Su rostro quedó completamente inmóvil.
—¿Tú?
Asentí.
—Cuando tu madre recuperó los cien mil yuanes de la dote, cuando tú decidiste que tu sueldo era para “ayudar a tus padres”, cuando todos asumieron que yo debía aceptar todo porque era tu esposa…
Cerré la maleta.
—Yo empecé a construir una salida.
Chu Heng dio un paso hacia mí.
—¿Por qué nunca me dijiste?
Esa pregunta me hizo sonreír.
Una sonrisa triste.
—Porque quería creer que algún día te darías cuenta sin que tuviera que obligarte.
Sus ojos bajaron.
Por primera vez parecía avergonzado.
Pero llegó demasiado tarde.
Al día siguiente, como había dicho, el propietario llegó.
Chu Heng intentó negociar.
Intentó explicar.
Intentó pedir unos días más.
Pero no era su decisión.
Nunca lo había sido.
Mientras recogíamos nuestras cosas, las niñas permanecieron a mi lado.
La pequeña me tomó la mano.
—Mamá, ¿ya no vamos a vivir aquí?
Me agaché y le sonreí.
—Vamos a vivir en un lugar donde nadie pueda echarnos.
Ella pareció no entender completamente.
Pero me abrazó.
Y eso fue suficiente.
Antes de salir, Chu Heng me detuvo.
—Yue.
Me giré.
Su voz estaba mucho más baja.
—¿De verdad vas a divorciarte?
Lo miré durante unos segundos.
Pensé en la mujer que había sido cuando me casé.
Una joven que creía que amar significaba aguantar.
Que ser buena esposa significaba poner siempre a los demás primero.
Esa mujer ya no existía.
—Sí.
Su rostro cambió.
—¿Por todo esto?
Negué lentamente.
—No.
Hice una pausa.
—Por todo lo que pasó antes de esto.
Porque una casa nunca se rompe por una sola discusión.

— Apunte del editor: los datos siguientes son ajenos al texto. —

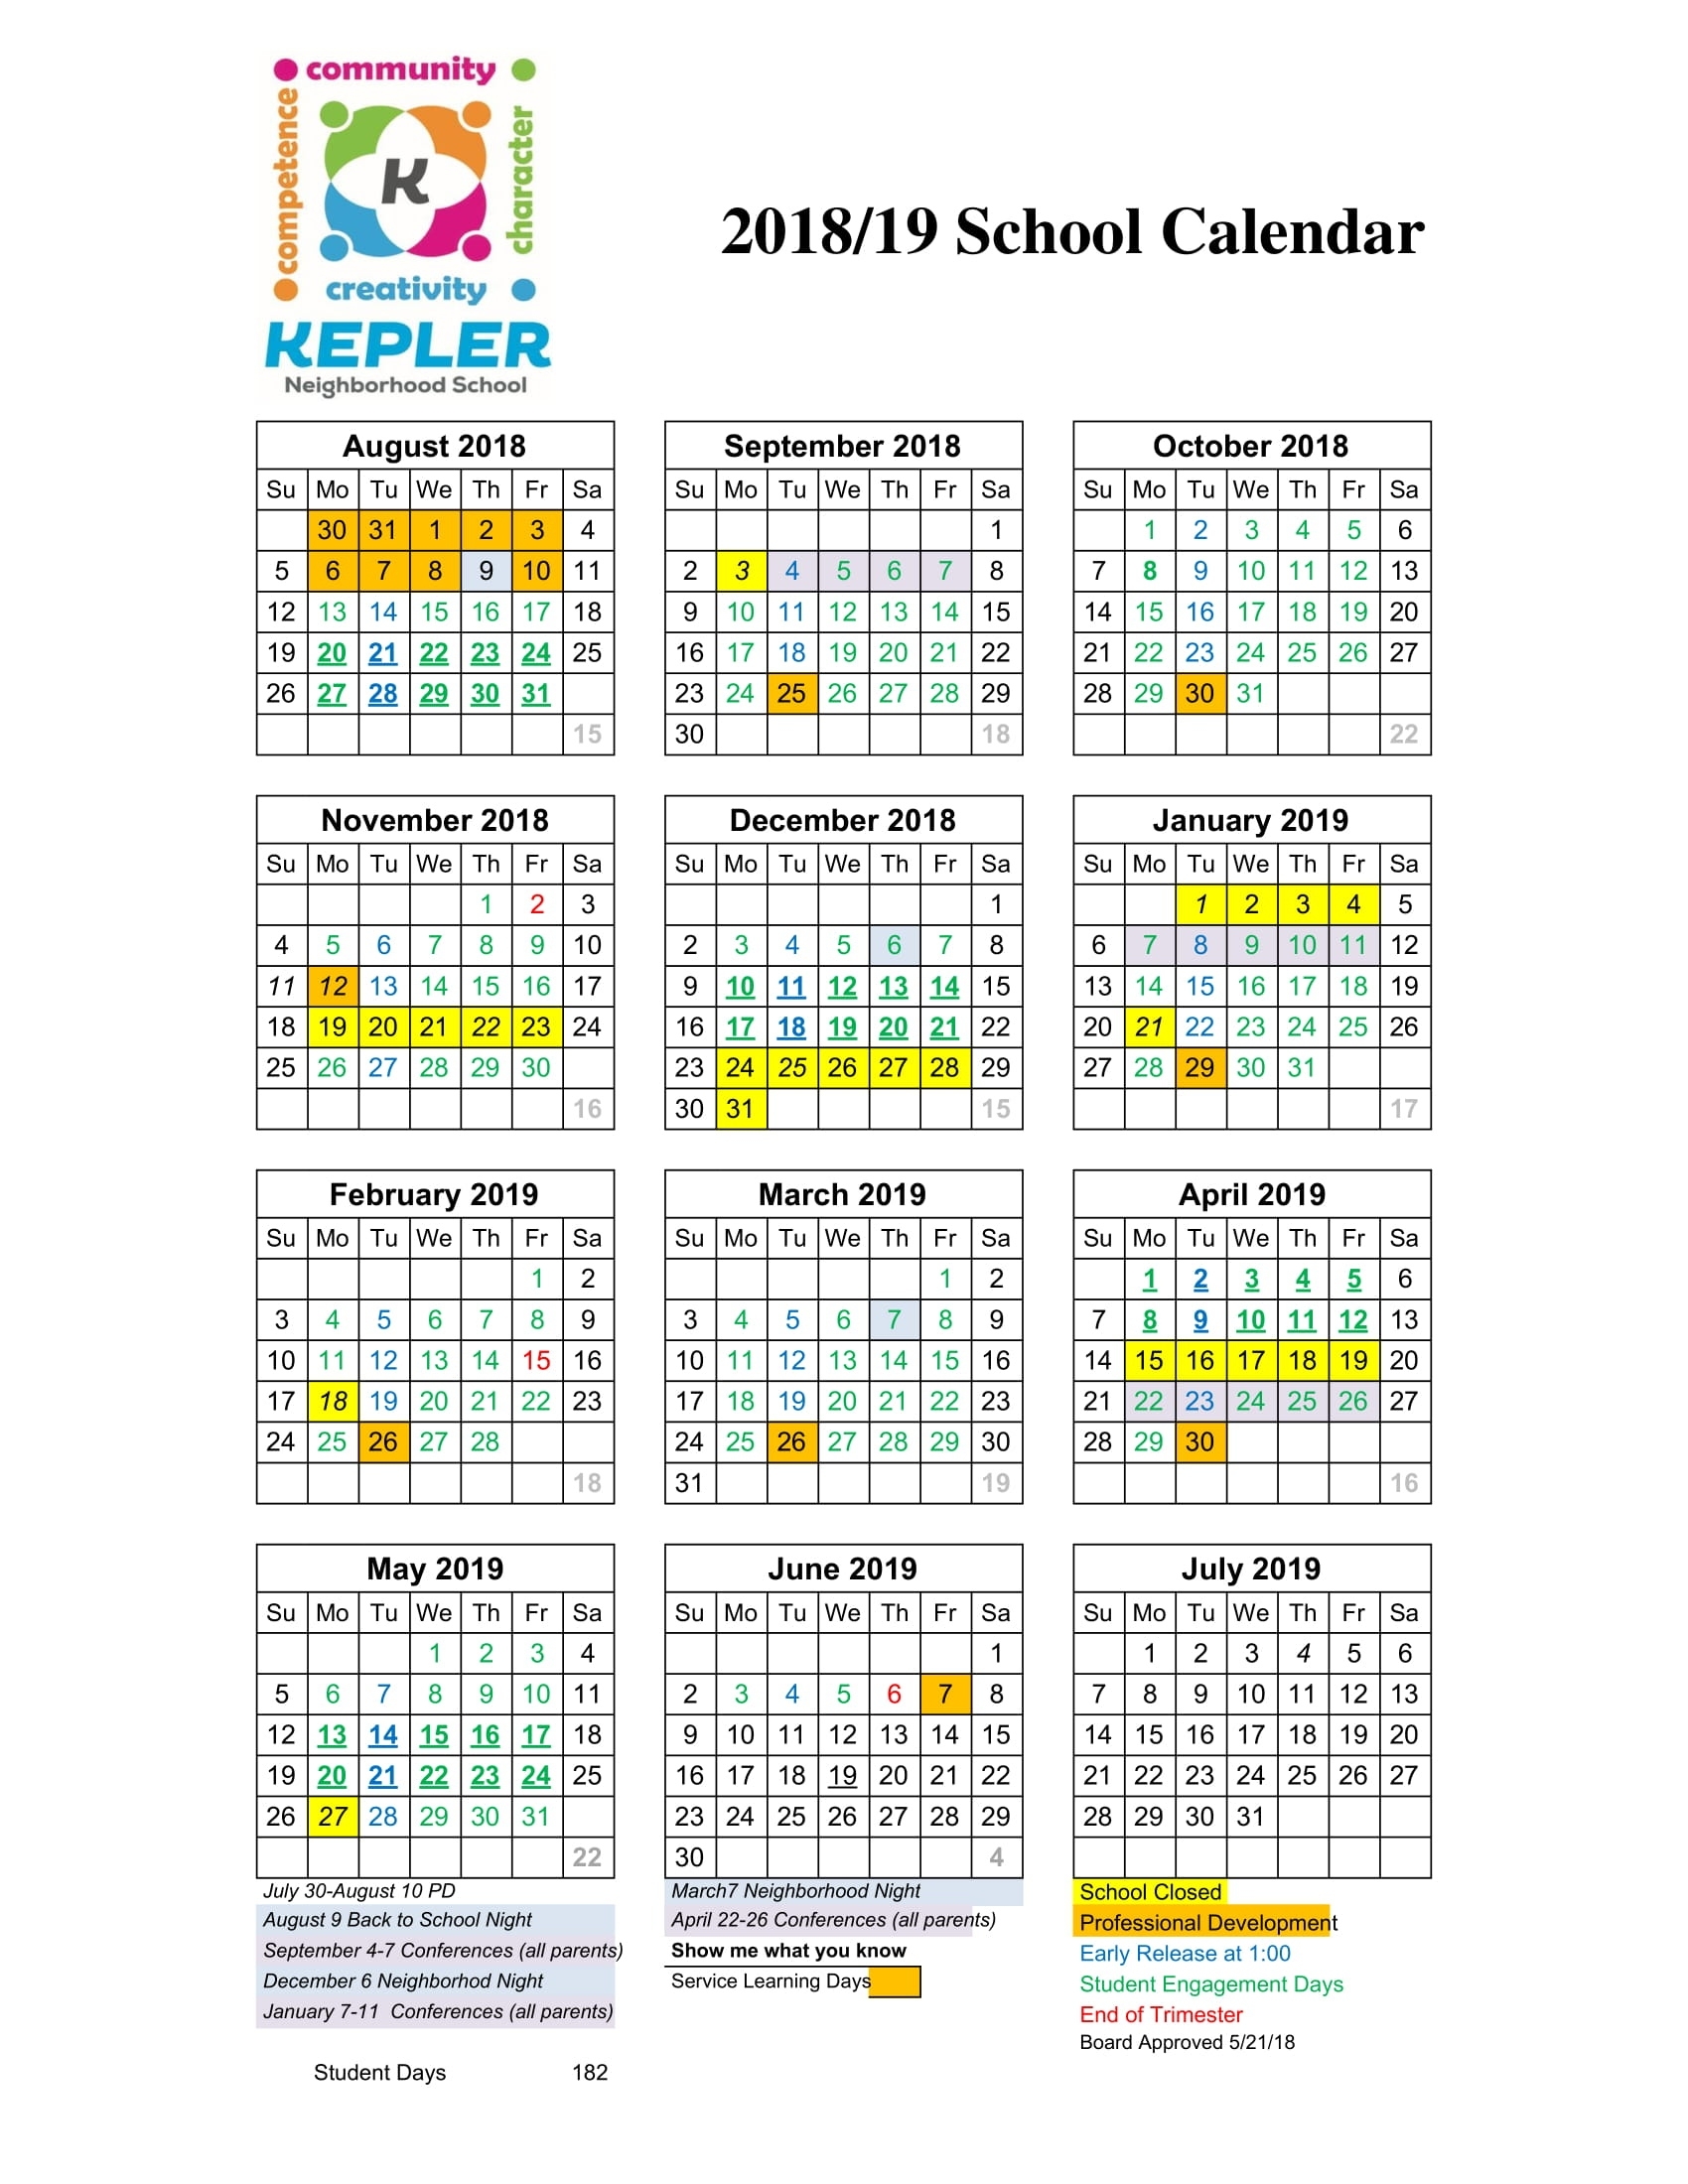 2018 - 2019 Kepler School Calendar - Kepler Neighborhood School Number 4 School Calendar

Se rompe por años de indiferencia.
Por promesas incumplidas.

Por elegir siempre a otros antes que a la persona que duerme a tu lado.
Chu Heng bajó la cabeza.
—Pero tenemos hijas.
Miré a mis niñas.
Después lo miré a él.
—Precisamente por eso.
—Quiero que ellas crezcan sabiendo que una mujer merece respeto.

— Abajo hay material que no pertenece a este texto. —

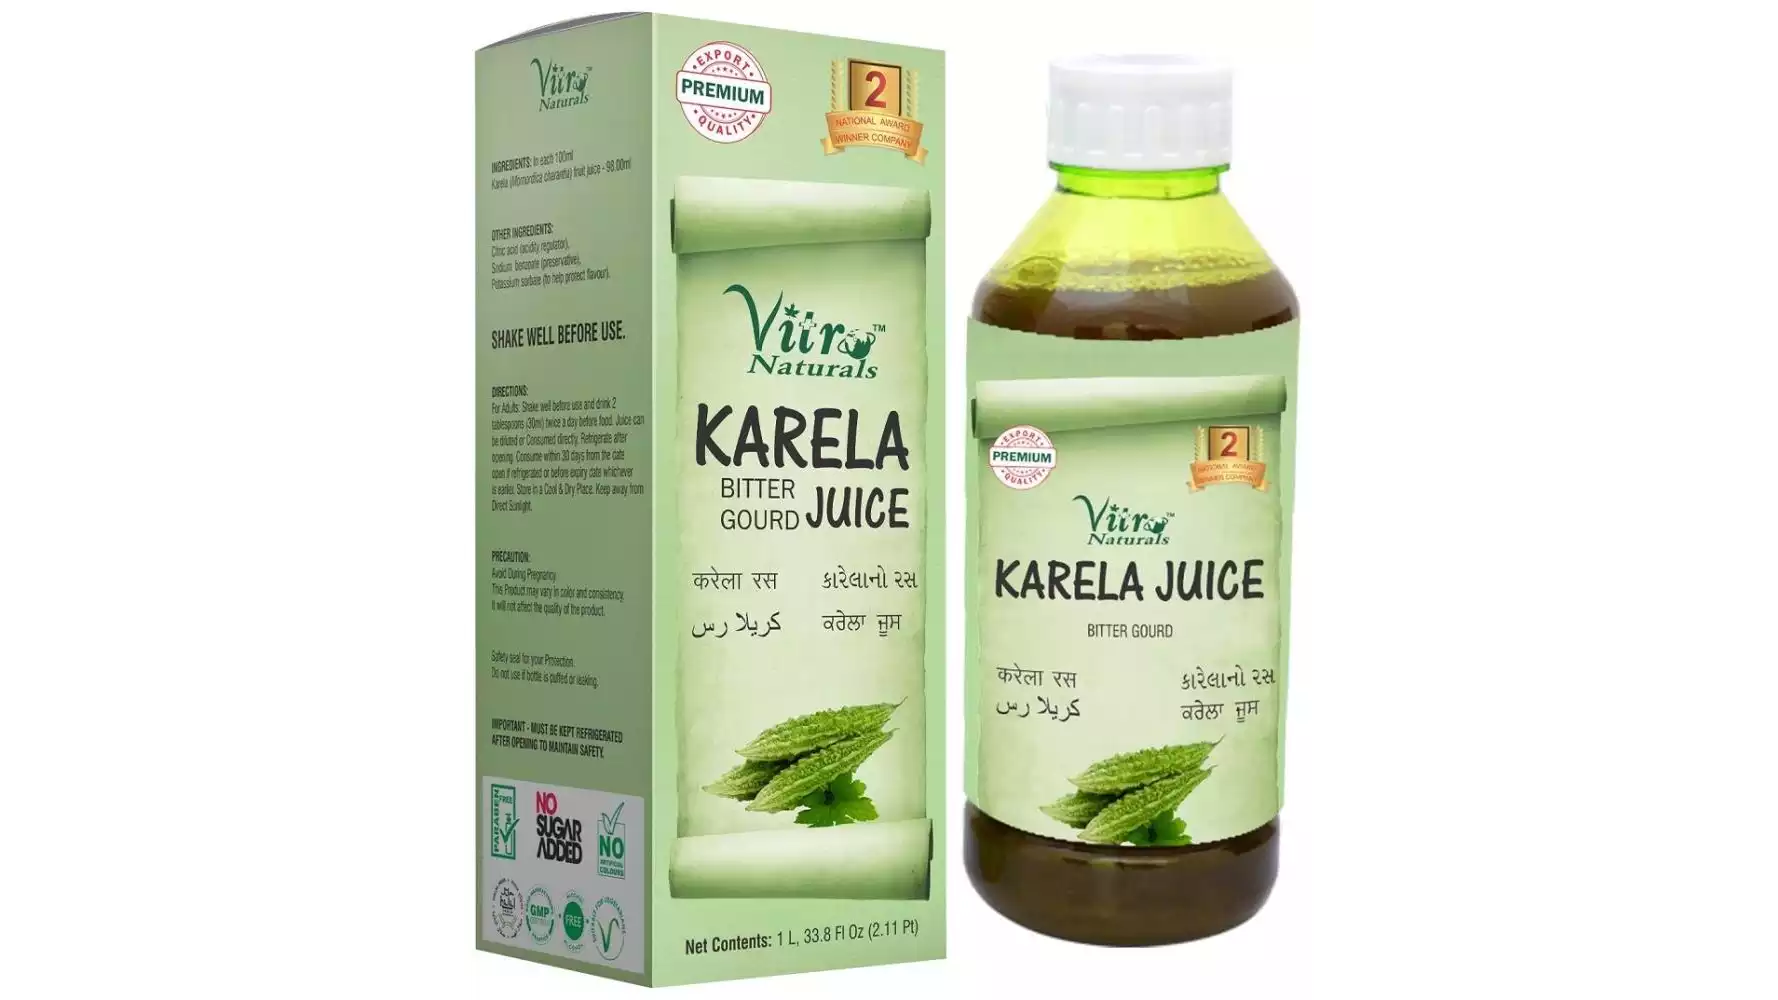 Vitro Naturals Karela Juice (1liter)

Esa noche salí de aquella casa con dos maletas y mis dos hijas de la mano.
No tenía trabajo.
No tenía marido.
Pero por primera vez en muchos años…
tenía algo que había perdido:
mi propia vida.
Meses después, Chu Heng intentó volver a buscarme.
Su familia finalmente tuvo que buscar otra vivienda.

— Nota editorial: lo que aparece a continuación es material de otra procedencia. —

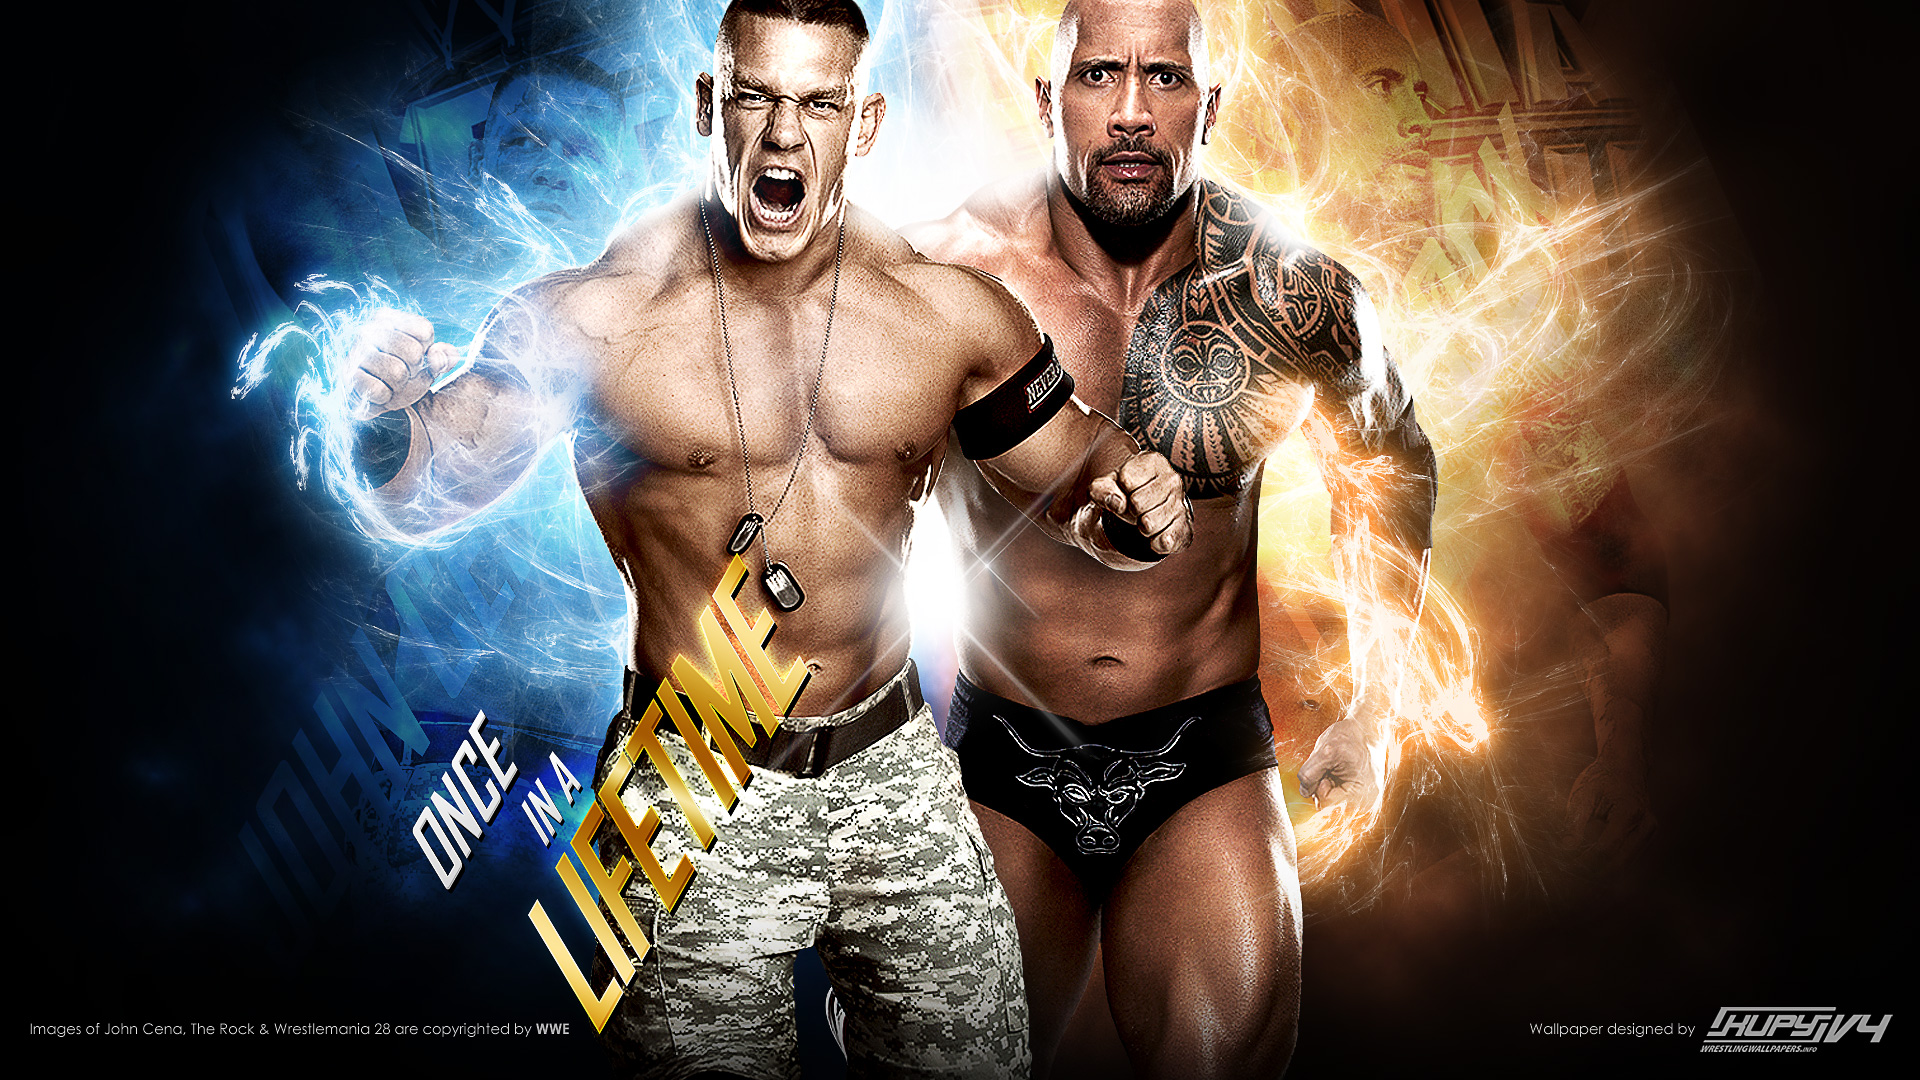 J & R - John Cena & Randy Orton hình nền (15867132) - fanpop - Page 7

Su hermano dejó de llamarlo para pedirle ayuda.
Sus padres dejaron de verlo como el hijo que siempre debía sacrificarse.
Y él descubrió algo demasiado tarde:
Cuando una persona siempre está disponible, los demás creen que nunca se irá.
Hasta que un día se marcha.
Y entonces todos descubren que aquello que daban por sentado…
era lo único que sostenía todo.
Yo no destruí mi familia.
Yo simplemente dejé de destruirme a mí misma para mantenerla.